When intent to steal a vehicle is established, the actions of a person should be qualified according to the relevant articles of the Criminal Code, providing for liability for theft of someone else's property. Additional qualification of these actions under Art. 166 CC is not required. The actions of a person who unauthorizedly used it, if this person is a regular driver of this vehicle, cannot qualify as unlawful seizure of a vehicle. At the same time supervisory authority in her decision in the case K. indicated that the driver, suspended from work in a car and committed theft for personal purposes, was reasonably found guilty of a crime under Art. 166 of the Criminal Code.

The qualifying signs provided for by h. 2, 4 and partially h. 3 (organized group) of Art. 166, coincide with similar features of Art. Art. 158, 161 and 162 of the Criminal Code.

Intentional destruction or damage to property

Article 167 of the Criminal Code provides for liability for willful destruction or damage to property.

The subject of a crime is any property, the destruction or damage of which entails the infliction of significant damage.

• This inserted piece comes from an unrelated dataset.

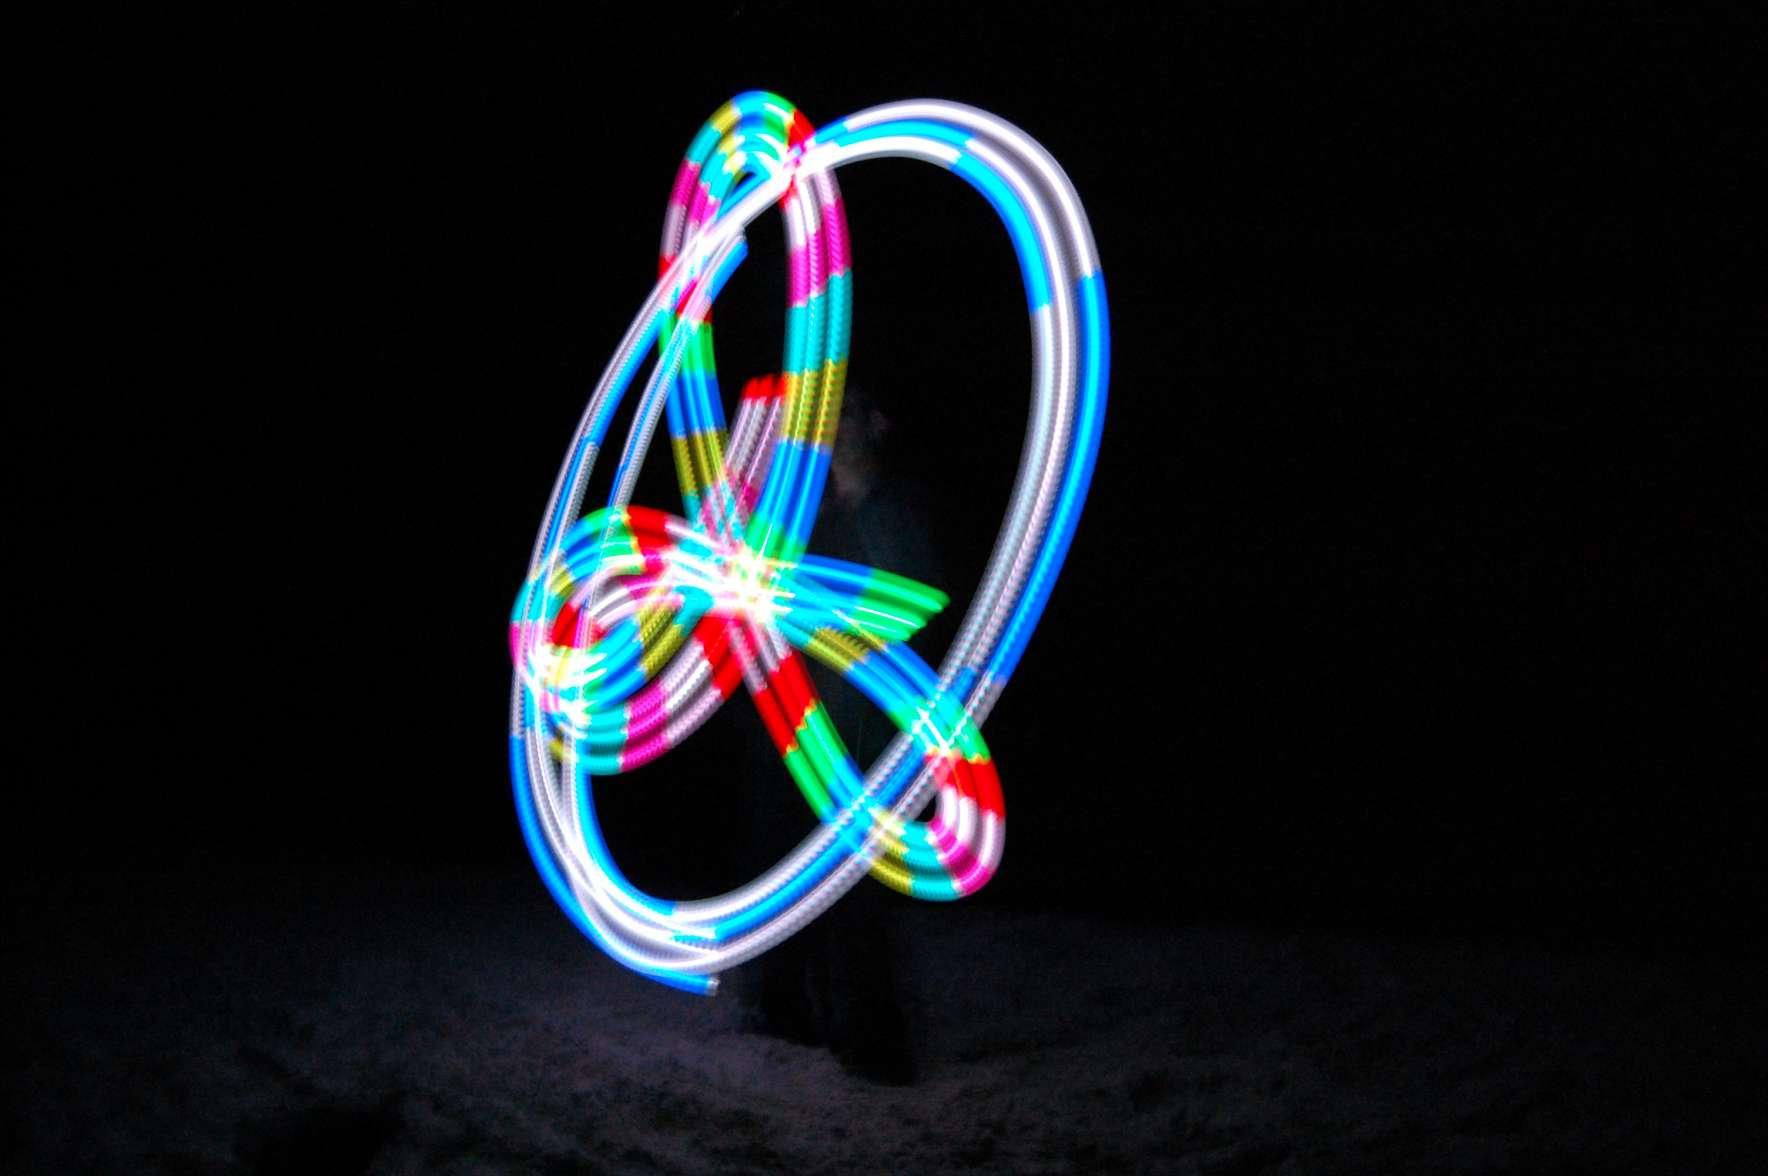 Ζογκλέρ δημιουργεί όμορφο γεωμετρικό σχήμα παίζοντας με φωτεινά αντικείμενα (glow poi)

Destruction of property means bringing a thing into complete disrepair when it loses its economic and economic value forever and can no longer be used for its intended purpose.

Damage to property means causing such damage to a thing when it cannot be used for its usual purpose without restoration (repair). Intentional destruction or damage to someone else's property is a crime, provided that significant damage is caused. We spoke about the concept of significant damage when considering a similar qualifying feature contained in Art. 158 of the Criminal Code.

The subject of a crime can be a person who has reached the age of 16, but if he qualifies under Part 2 of Art. 167 of the Criminal Code, liability begins from the age of 14 (part 2 of Art. 20 of the Criminal Code).

A crime can be committed with both direct and indirect intent.

The purpose and motives of the crime under Part 1 of Art. 167 of the Criminal Code, are only relevant for the delimitation of this crime from others, for example from hooliganism (Art. 213 of the Criminal Code).

Intentional destruction or damage to property, committed from hooligan motives by arson, explosion or other generally dangerous method, take place when the actual circumstances coincide with the awareness of the guilty that he is acting without reason, from hooligan motives in a generally dangerous way, i.e. his actions create a threat of harm to people or other people's property. Thus, the Judicial Collegium for Criminal Cases of the Supreme Court of the Russian Federation overturned the verdict against L. in terms of his conviction under Part 2 of Art. 167 of the Criminal Code, since the court did not establish that the convicted person acted with intent aimed at damaging someone else's property.

Intentional destruction or damage to other people's property, committed from hooligan motives by arson, explosion or other generally dangerous method, entail criminal liability under Part 2 of Art. 167 of the Criminal Code only in case of actual infliction of significant damage to the victim. If, as a result of these actions, directly aimed at setting fire to someone else's property, the consequences provided for by law did not occur for reasons beyond the control of the guilty party, then the deed, if he has the intent to cause significant damage, should be considered as an attempt to intentionally destroy or damage someone else's property by arson.

Intentional destruction or damage to individual items with the use of fire in conditions precluding its spread to other objects and the emergence of a threat of harm to the life and health of people, as well as other people's property, should be qualified under Part 1 of Art. 167 of the Criminal Code, if the victim suffered significant damage and provided that these actions were not committed from hooligan motives.

The military collegium of the Supreme Court of the Russian Federation re-qualified the actions of T. from Part 2 of Art. 167 of the Criminal Code on Part 1 of Art. 167 of the Criminal Code, pointing out that, as can be seen from the materials of the case, T. set fire to the car on the shore of the lake, in a deserted place, far from buildings and his actions did not entail other consequences specified in Part 2 of Art. 167 of the Criminal Code.

When deciding whether significant damage has been caused to the owner or another owner of the property, one should proceed from the value of the destroyed property or the cost of restoring damaged property, the significance of this property for the victim, for example, in connection with his type of activity and financial situation or financial and economic condition legal entity, who was the owner or other owner of the destroyed or damaged property.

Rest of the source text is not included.